Себастьян ждал продолжения.
— И я… играл в карты.
Себастьян стиснул зубы.
— Что насчёт женщин?
Перегрин покрылся багровыми пятнами.
— Ты же не думаешь, что я стану о них рассказывать, — пробормотал он.
Про себя Себастьян согласился: чем занимался брат за закрытыми дверями его не касалось. Но хитрая, мечтающая о титуле девица могла запросто сбить с толку молодого глупого лорда.
— Ты же знаешь порядок вещей, — проговорил он. — Если мне не знакомы её родители, значит она хочет обчистить твои карманы.
— У меня никого нет, — раздражённо ответил Перегрин, чем только подтвердил его догадку.
Себастьян подумал, что надо не забыть послать человека прочесать полусвет и сообщить даме, кем бы она ни была, чтобы попытала судьбу в другом месте.
Он постучал пальцем по письму.
— Я вычту компенсацию за водосточную трубу из твоего содержания.
— Понял.
— Ты не поедешь со мной во Францию, а останешься здесь и будешь учиться.
После секундного колебания брат угрюмо кивнул.
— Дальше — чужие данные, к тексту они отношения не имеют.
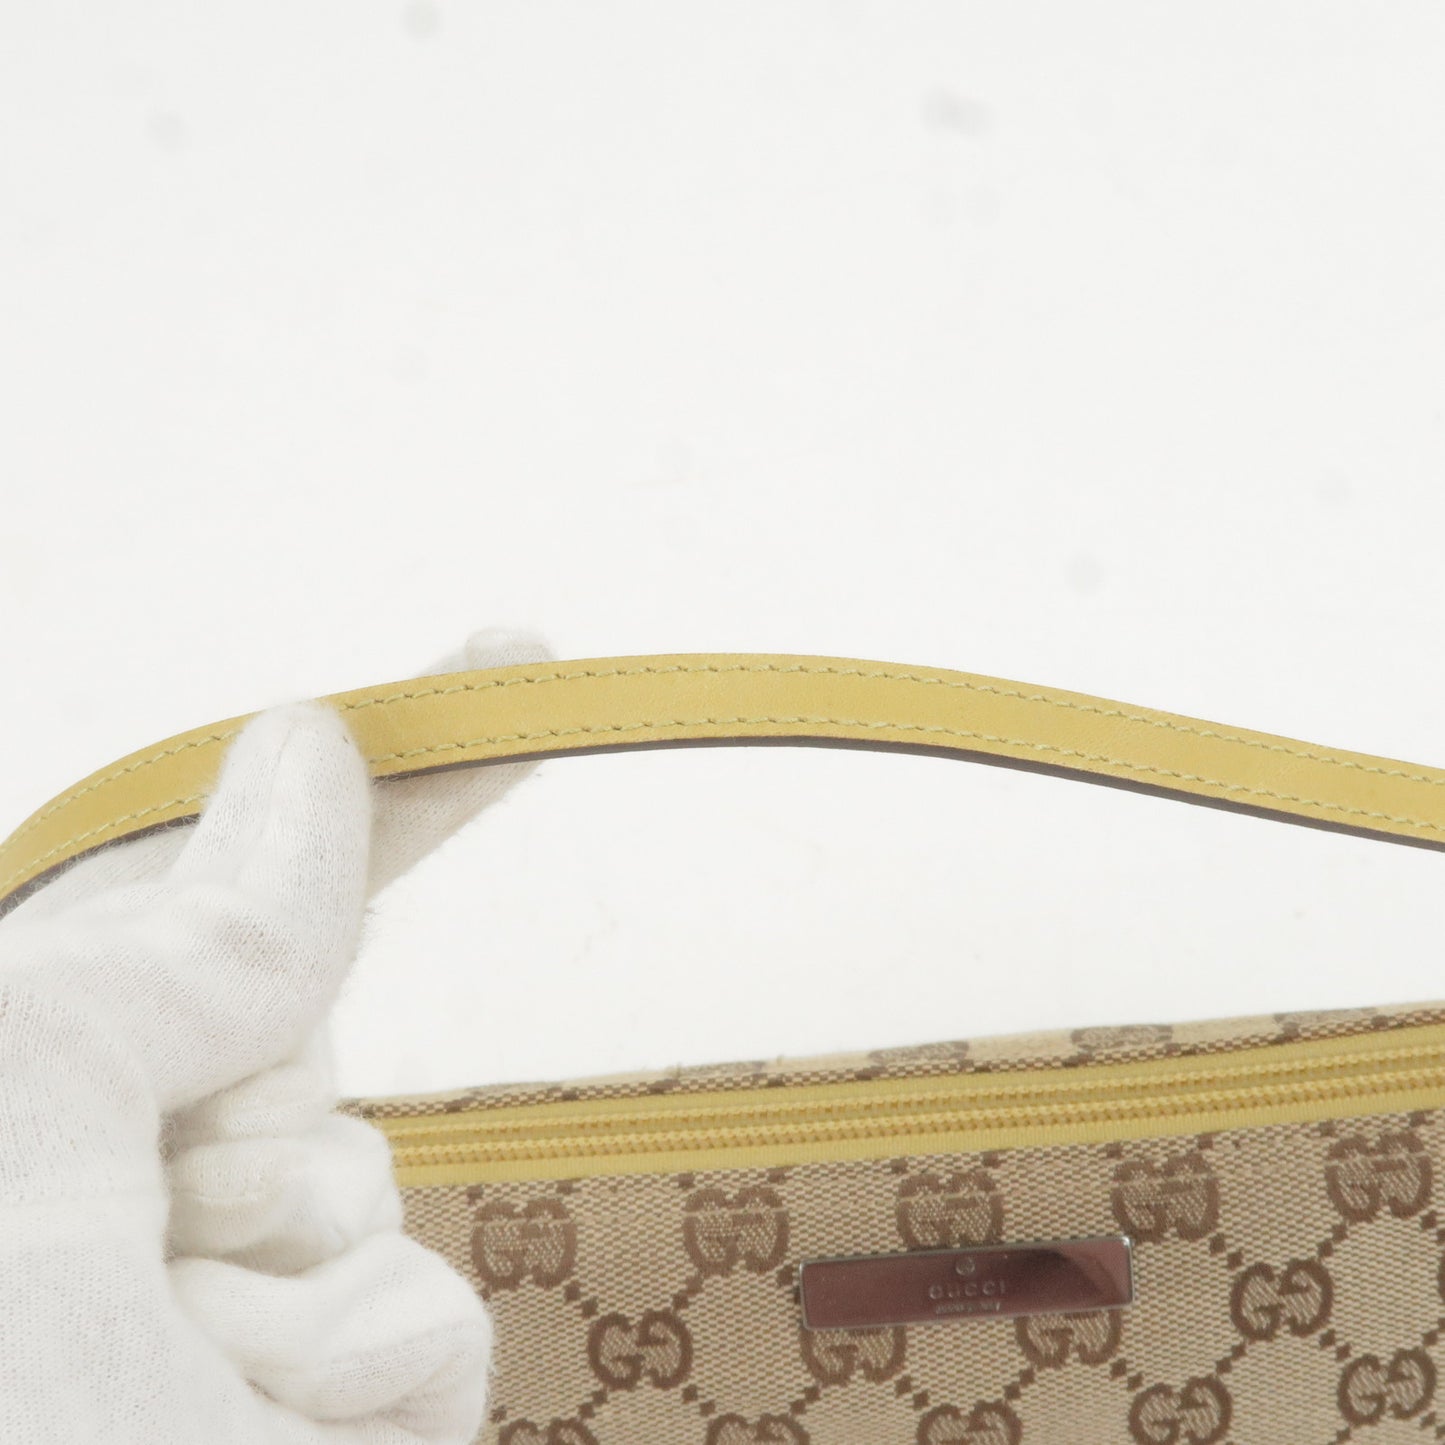 GUCCI GG Canvas Leather Boat Bag Hand Bag Beige Yellow 07198

— И на время новогоднего приёма ты отправишься в Пендерин.
Перегрин побледнел.
— Но…
Было достаточно одного взгляда, чтобы брат передумал протестовать, но сухожилия на шее Перегрина напряглись. Непостижимым образом ему нравились домашние приёмы и фейерверки. По правде говоря, чем больше он погружался в суматоху празднеств, тем веселее становился. Брат пришёл в восторг, услышав о том, что они собираются устроить новогодний приём. В поместье в Уэльсе никогда ничего не происходило.